# What you have to do:
Without any pictures, print the lines below from the one that has "Hallett Peak and" through the one that has "Favorite FREE Ampersands", exactly and nothing else.

# Records supplied:
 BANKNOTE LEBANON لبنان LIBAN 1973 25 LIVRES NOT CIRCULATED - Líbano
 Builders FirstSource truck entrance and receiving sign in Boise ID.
* * *
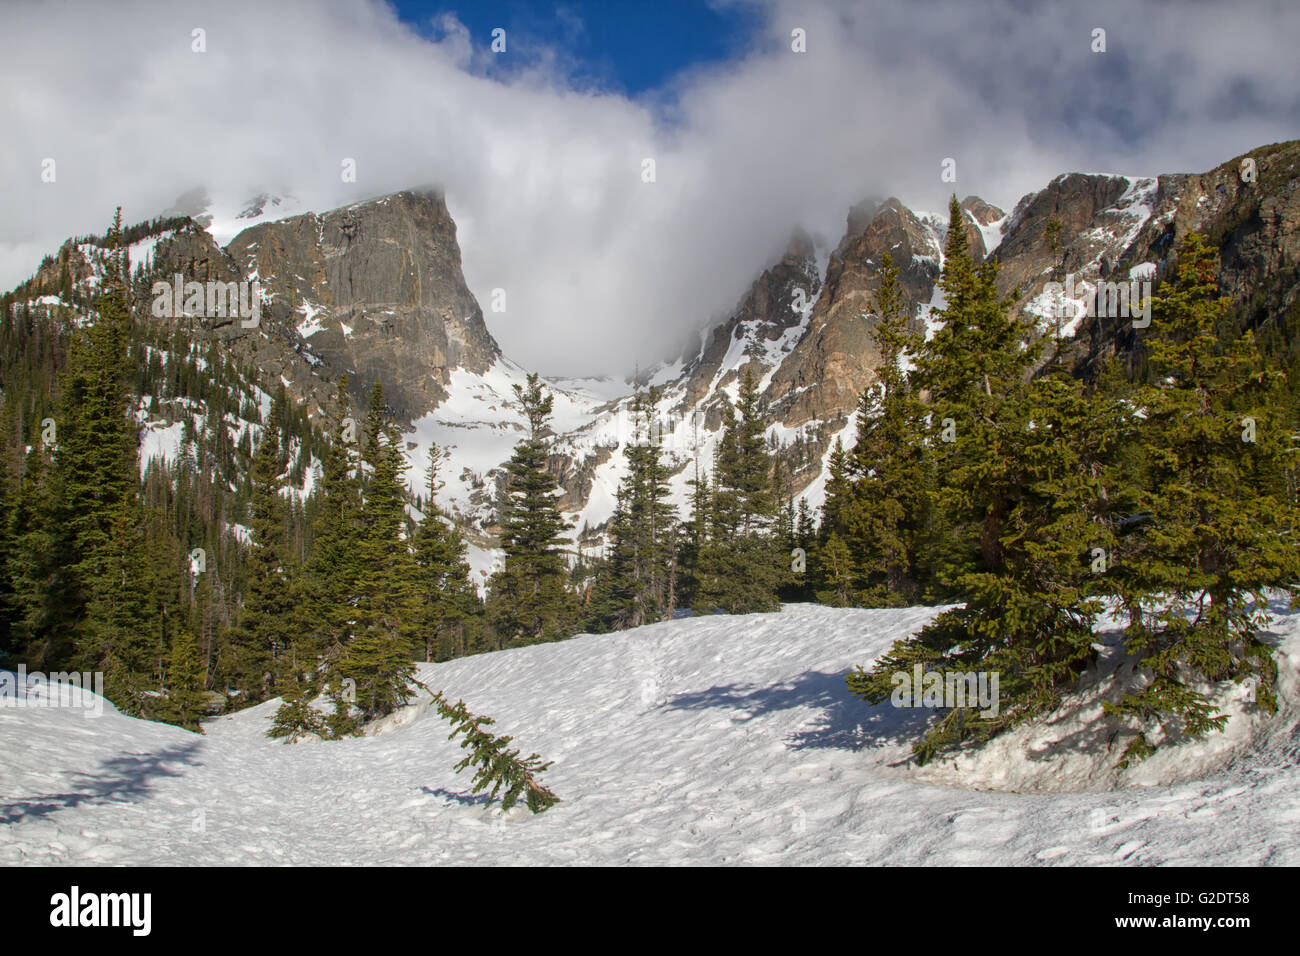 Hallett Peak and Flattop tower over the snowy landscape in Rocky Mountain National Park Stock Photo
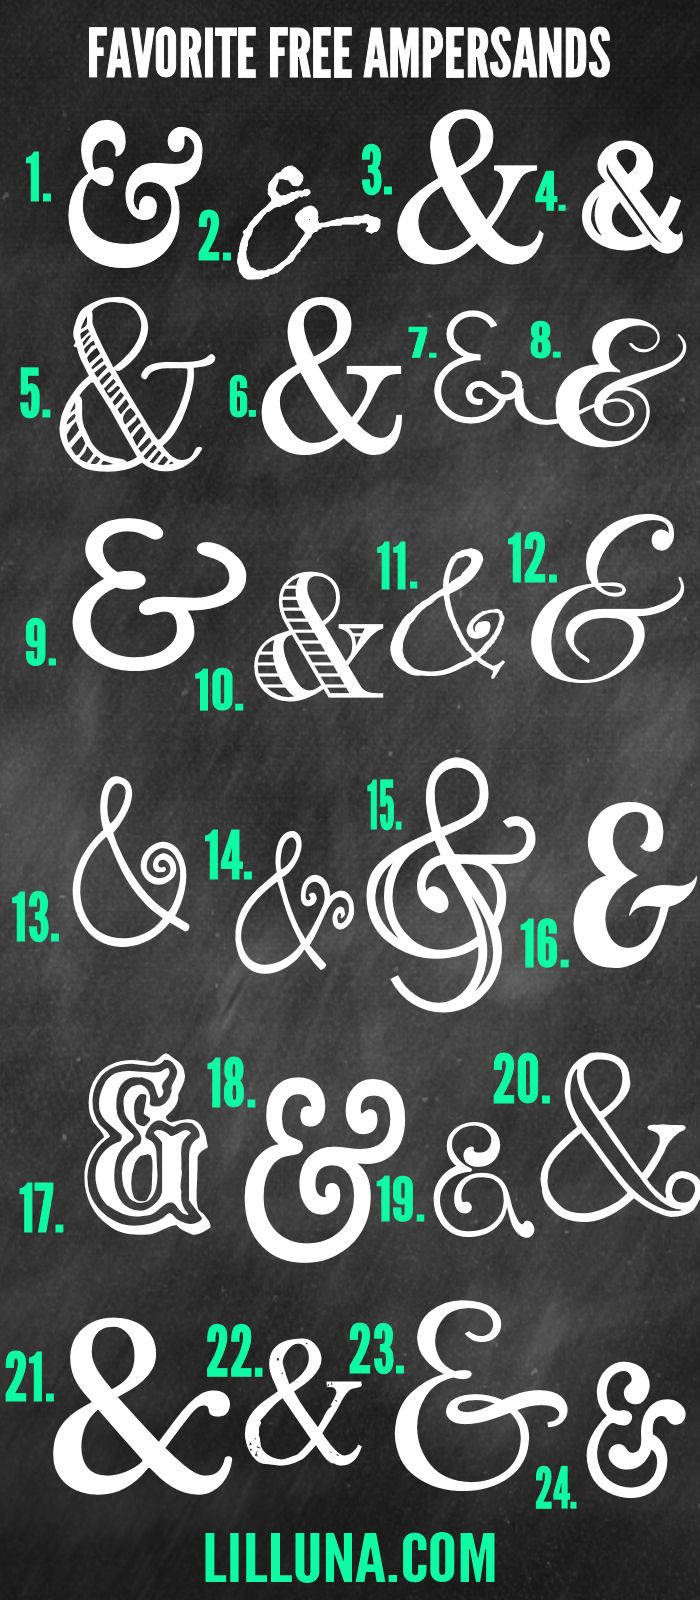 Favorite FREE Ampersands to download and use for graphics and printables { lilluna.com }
--
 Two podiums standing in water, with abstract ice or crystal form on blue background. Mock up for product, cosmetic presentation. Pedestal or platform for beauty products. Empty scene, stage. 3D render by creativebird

# Answer to the problem:
 Hallett Peak and Flattop tower over the snowy landscape in Rocky Mountain National Park Stock Photo
 Favorite FREE Ampersands to download and use for graphics and printables { lilluna.com }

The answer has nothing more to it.